2. Description of the Prior Art
Radial seals can become deteriorated due to the presence of particulate material that enters the turbine and is flung into the area containing the tip seals where it cannot escape, then batters and erodes the tip seals, bucket covers and adjacent stationary parts.
A persistent and costly problem for steam and gas turbines using radial tip seals to minimize leakage over the shrouds or bucket covers of the turbine stages is the damage caused by particles. The particles can be either broken pieces of the turbine or foreign particles that enter the turbine with the steam. These particles, once having reached the location of the tip seals, have great difficulty escaping and are generally forced to circulate at great speed, causing damage to the seals, bucket covers and tenons.

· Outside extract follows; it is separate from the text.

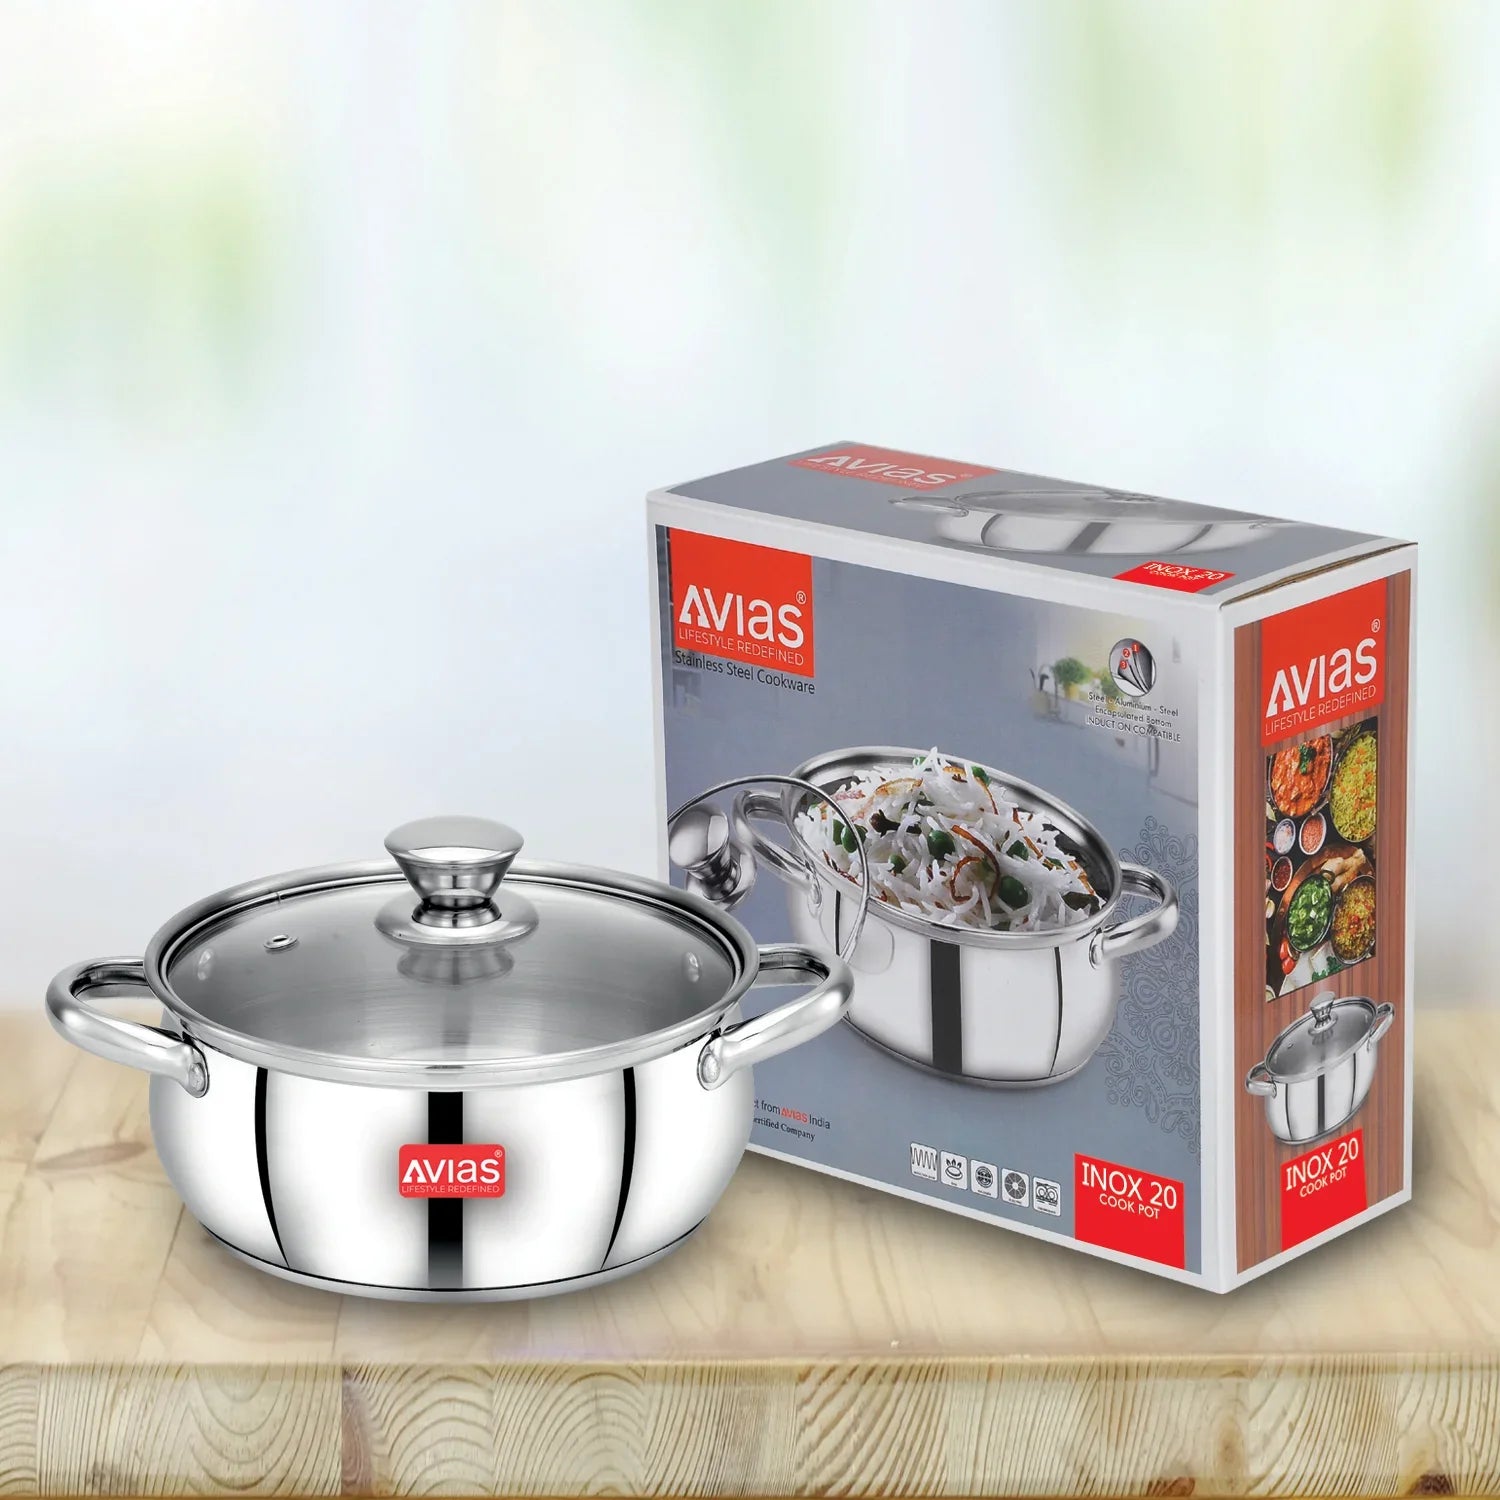 AVIAS Inox IB stainless steel cookpot package

Means is shown in my U.S. Pat. No. 5,271,712, utilizing a small circumferential opening in the tip seal in conjunction with a scoop to encourage the particles to be discharged from the tip seal area by deflecting them through the small opening. The scoop of U.S. Pat. No. 5,271,721 is an integral part of the tip seal. Consequently, it is limited in application to those tip seals with sufficient mass and strength to hold the scoop in place in spite of particle impacts and large, time varying steam forces.
The scoop, being integral with the tip seal must generally be made of the same material as the tip seal. This is often a handicap since the tip seal material is selected to be capable of rubbing away with a minimum of damage to adjacent rotating parts such as the bucket covers. The scoop, on the other hand, should ideally be made of material resistant to erosion and impact loads.
It is the purpose of the invention to provide tip seal scoops of improved geometry and/or material permitting the application of the scoops to a wider range of tip seal designs, including J-strips and inserted tip seals .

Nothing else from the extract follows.